Ekonomi

Türkiye gazetesi yazarı Fuat Uğur'dan reform paketine ağır eleştiriler: FETÖ'den el konulan holdinglerdeki kayyımlar düşer

13 Ocak 2021 14:02

Türkiye gazetesi yazarı Fuat Uğur, yeni ekonomi yönetimi ile Adalet Bakanlığı tarafından hazırlanan reform paketi taslağındaki üç maddeye sert eleştiriler yöneltti. Hürriyet gazetesinden Nuray Babacan, Ocak ayı sonunda Cumhurbaşkanı Erdoğan’a sunulacağını belirttiği paketin detaylarını yazmıştı.

Uğur, “Terör veya kara paranın aklanması gibi suçlar kapsamında şirketin tüm yönetimine değil, sadece ilgili şahısların hisselerine kayyum atanması” yönündeki değişiklik hazırlığını eleştirerek, “Şirketin PKK ile organik bağlantısı olduğu düşünülen ortaklarının hisselerine kayyum atanacak ama diğerlerinin hissesi olduğu gibi kalacak. Bu durumda PKK ile organik değilse bile objektif olarak gönül ilişkisi içinde bulunan diğer ortaklar ne yaparlar sizce? Bu tür şirketlerde PKK’ya yakın olmayanlar yer alabilir mi? Şimdi PKK’nın yerine FETÖ’yü koyun. Ne olacağını söyleyeyim. Söz gelimi Boydak Holding kayyumu düşer” dedi.

Uğur bunun sebebini şöyle açıkladı: “Reform Paketi’ndeki ezkaza uygulamaya girerse YALNIZCA 2016 yılında yürütülen FETÖ soruşturma çerçevesinde tutuklanan ve 10-18 yıl arasında hapse mahkûm edilen Hacı Boydak Memduh Boydak, Şükrü Boydak ile 7,5’ar yıl hapse mahkûm edilen Mustafa, Bekir, Erol ve İlyas Boydak ile Murat Bozdağ’ın TMSF’ye devredilen Boydak Holding’deki hisselerine el konulur. Şirketin diğer ortaklarına hisseleri iade edilir.”

Uğur, aynı durumun İpek Koza Holding’te de yaşanacağını savundu.

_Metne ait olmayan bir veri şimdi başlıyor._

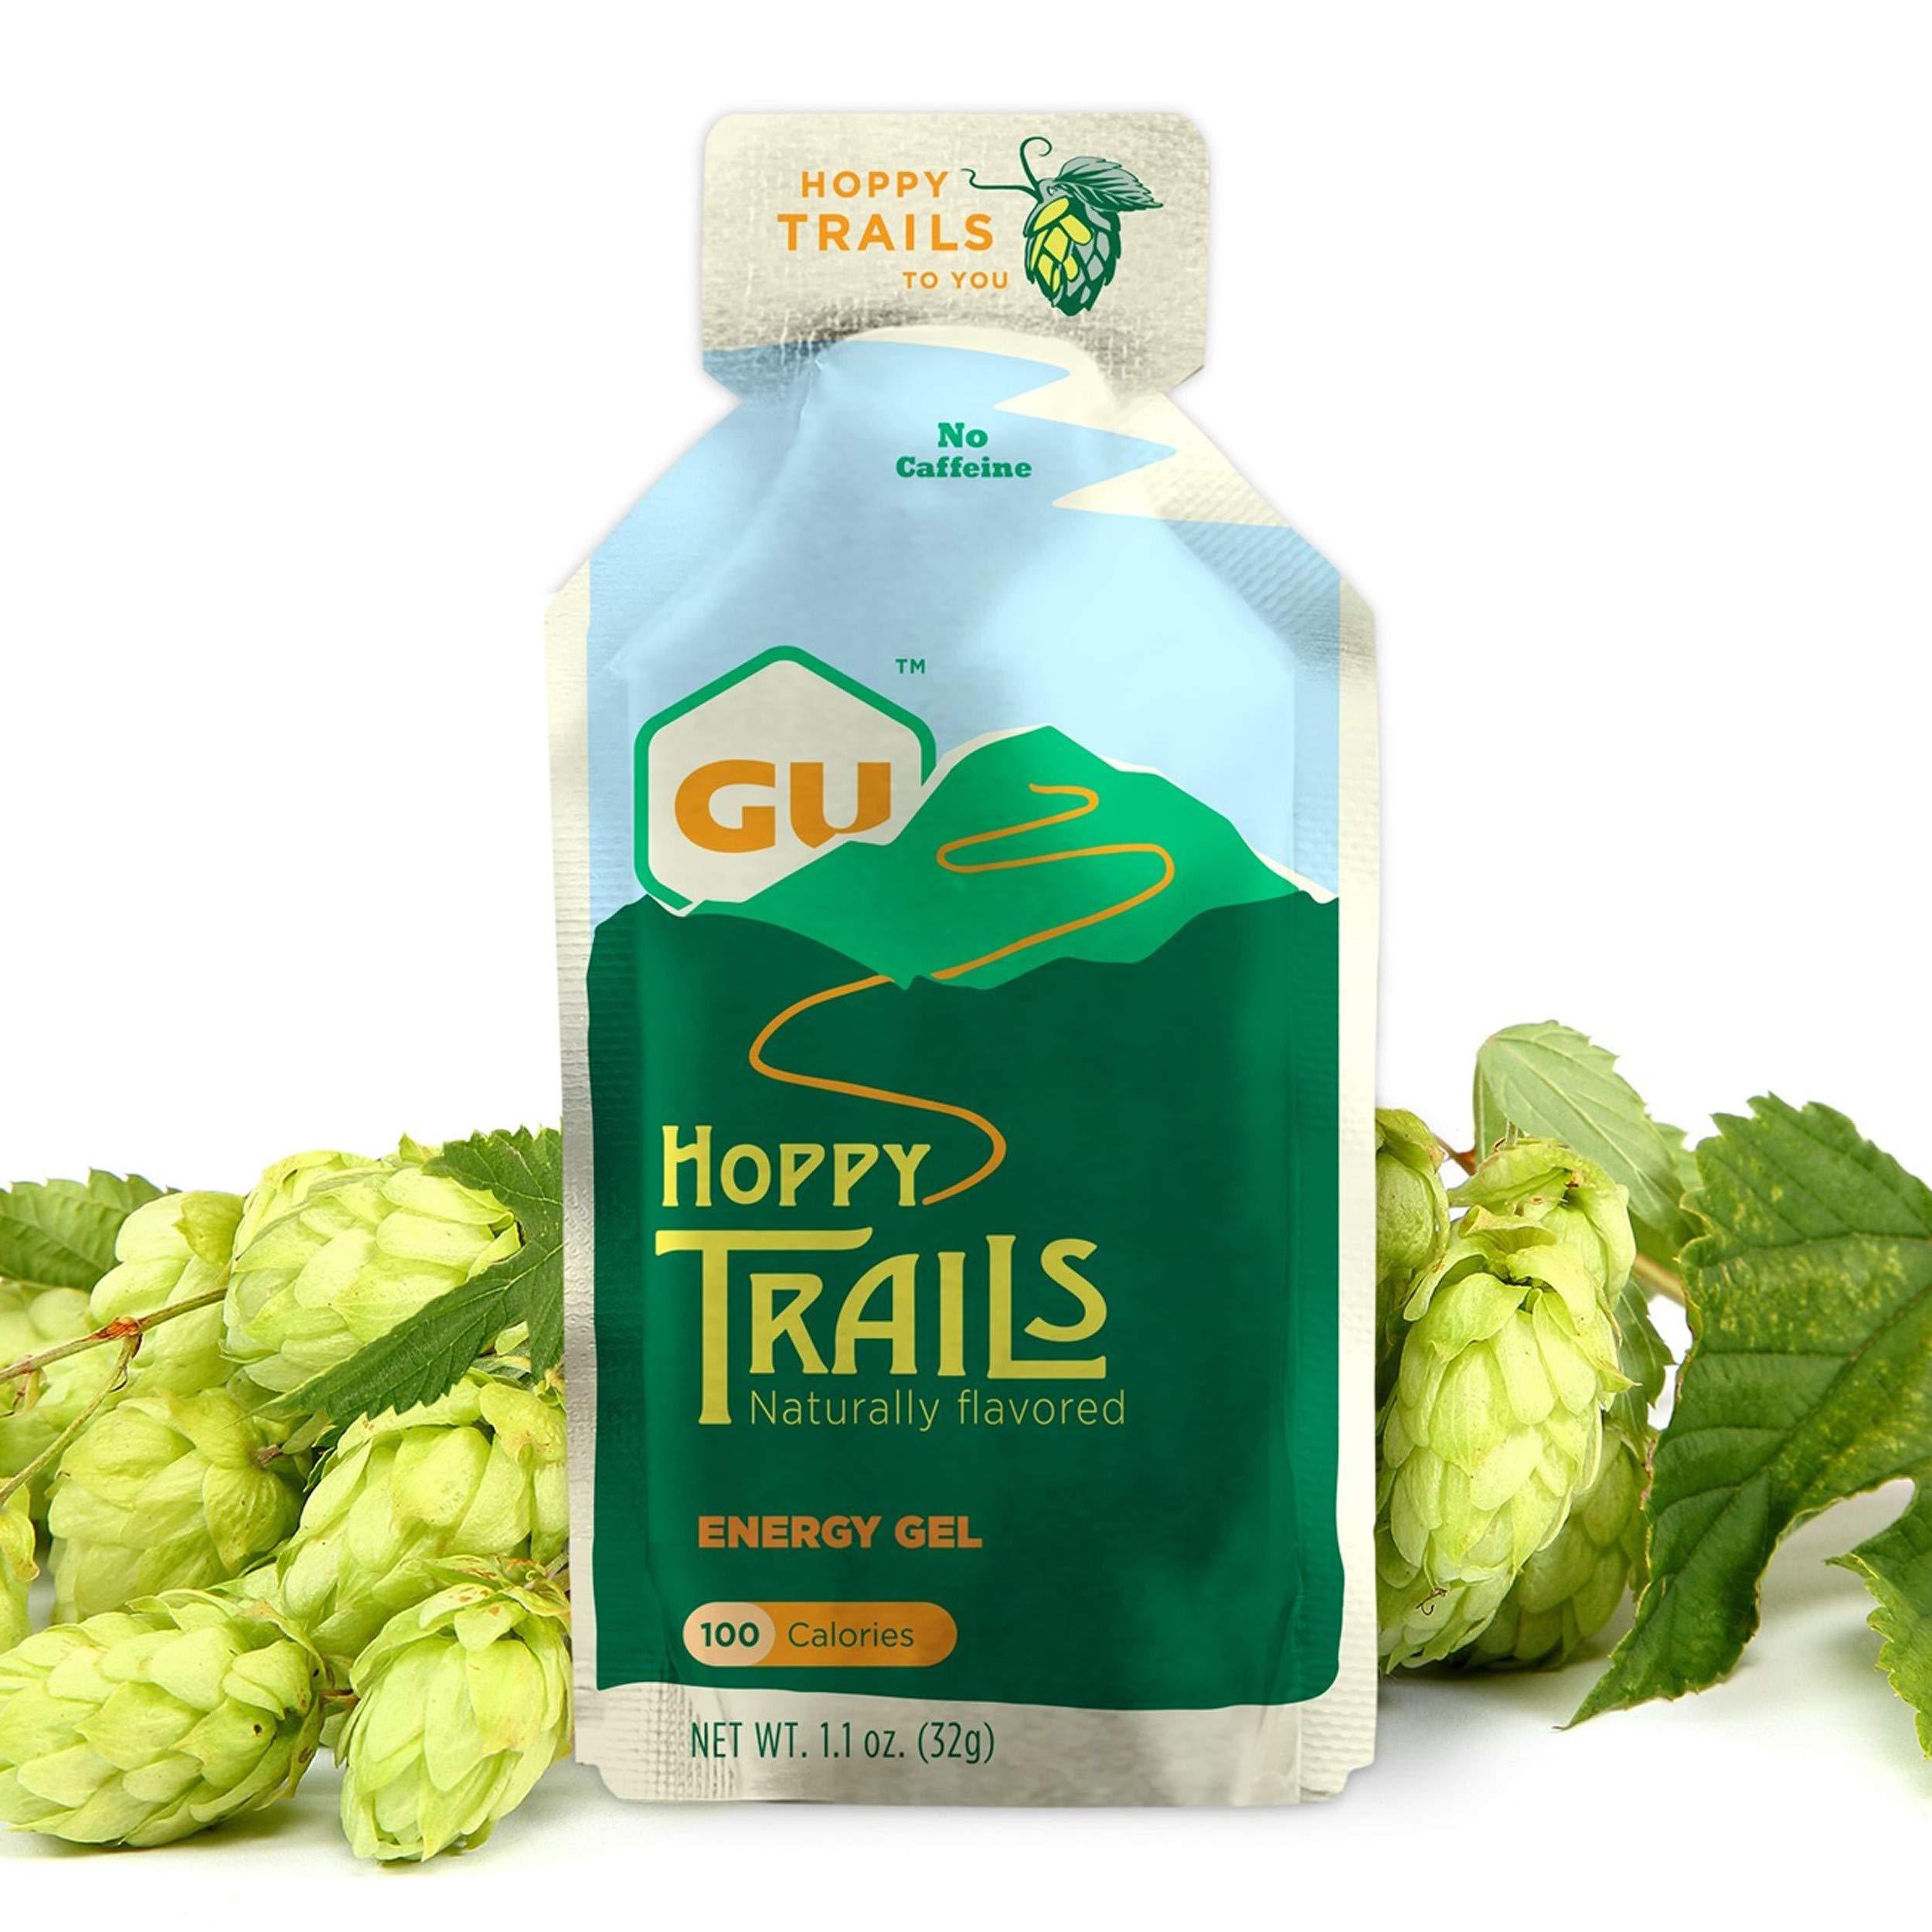 GU Energy Labs Original Sports Nutrition Energy Gel, Hoppy Trails, 24-Count Box
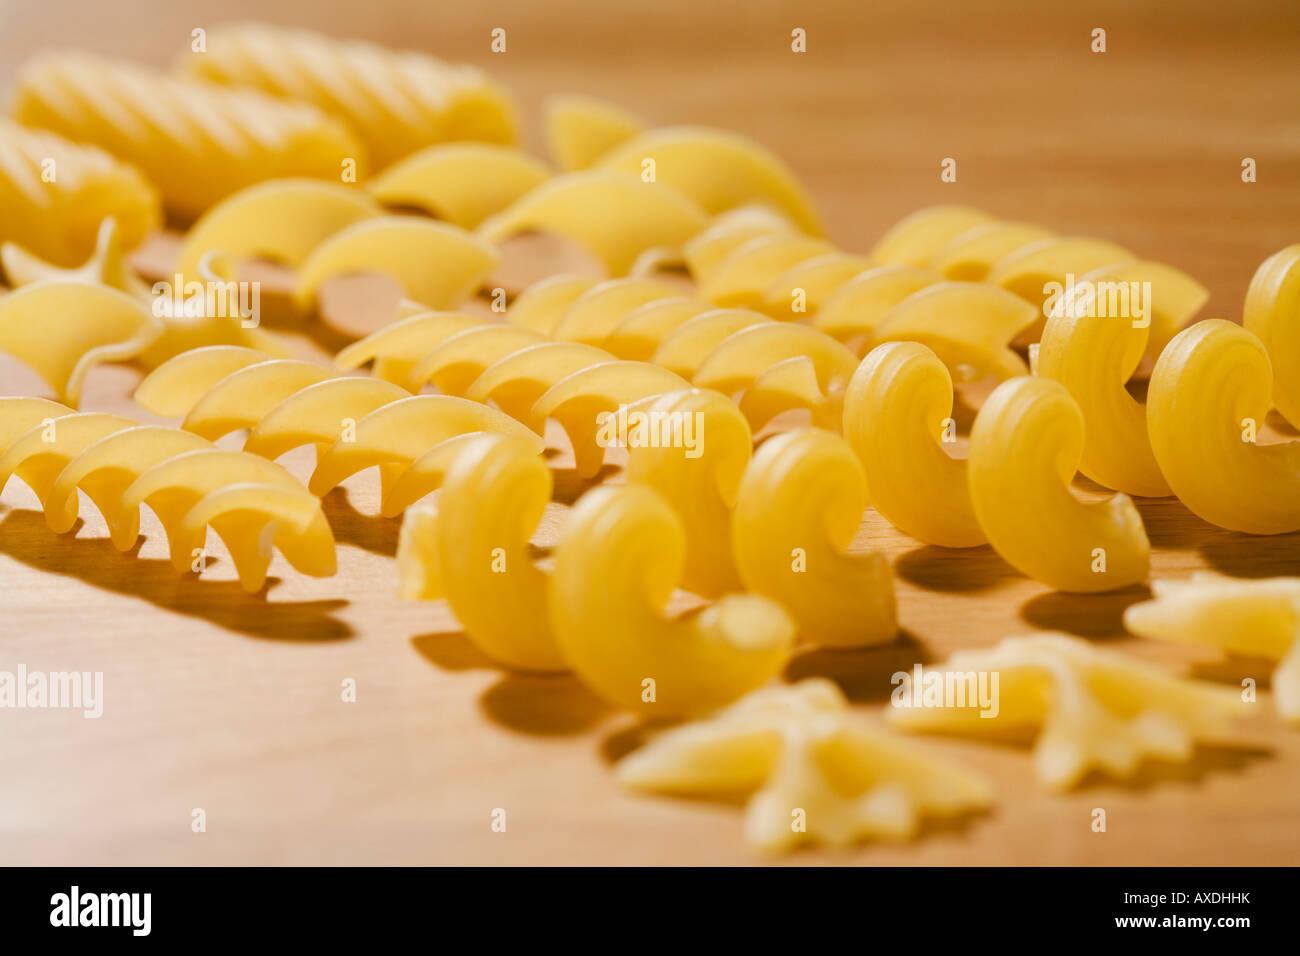 Variety of pastas, close-up - Stock Image

Uğur, reform paketindeki uzun tutukluluk sürelerini kısaltmayı amaçlayan maddeyi de eleştirdi. “Ceza yargılamaları ve tutukluluk sürelerinin yeniden değerlendirilmesi, Ceza Muhakemesi Kanunu’nda ceza yargılamalarında savcıların ‘iddianame’  hazırlaması için kesin bir süre belirlenmesi, tutukluluk sürelerinde de buna göre düzenlenme yapılması” şeklindeki madde için Uğur şunları söyledi:

“Görünüşe bakılırsa Gezi olayları sanığı Osman Kavala ve PKK’nın hapisteki siyasi kanat lideri Selahattin Demirtaş gibi Batı’da çok ilgilenilen isimlerin iddianamelerinin geç hazırlanması üzerine getirilen eleştiriler dikkate alınmış. Buradan da TÜSİAD kokusunu alıyorum ben. Tamam, ben de Kavala iddianamesinin uzun süre hazırlanamamış olmasını yazılarımda sık sık eleştirdim ve çıktığım televizyon programlarında söyledim. Ama bu durum pratikte aynı sonuçları doğurmuyor. Bu maddeye göre Selahattin Demirtaş tarafından kışkırtılan ve 37 vatandaşımızın öldürülmesine neden olan Kobani kalkışmasındaki çetrefilli durumun ya da 100 sanıklı herhangi bir FETÖ davası iddianamesinin hazırlanması öyle hop diye yapılacak iş değil.”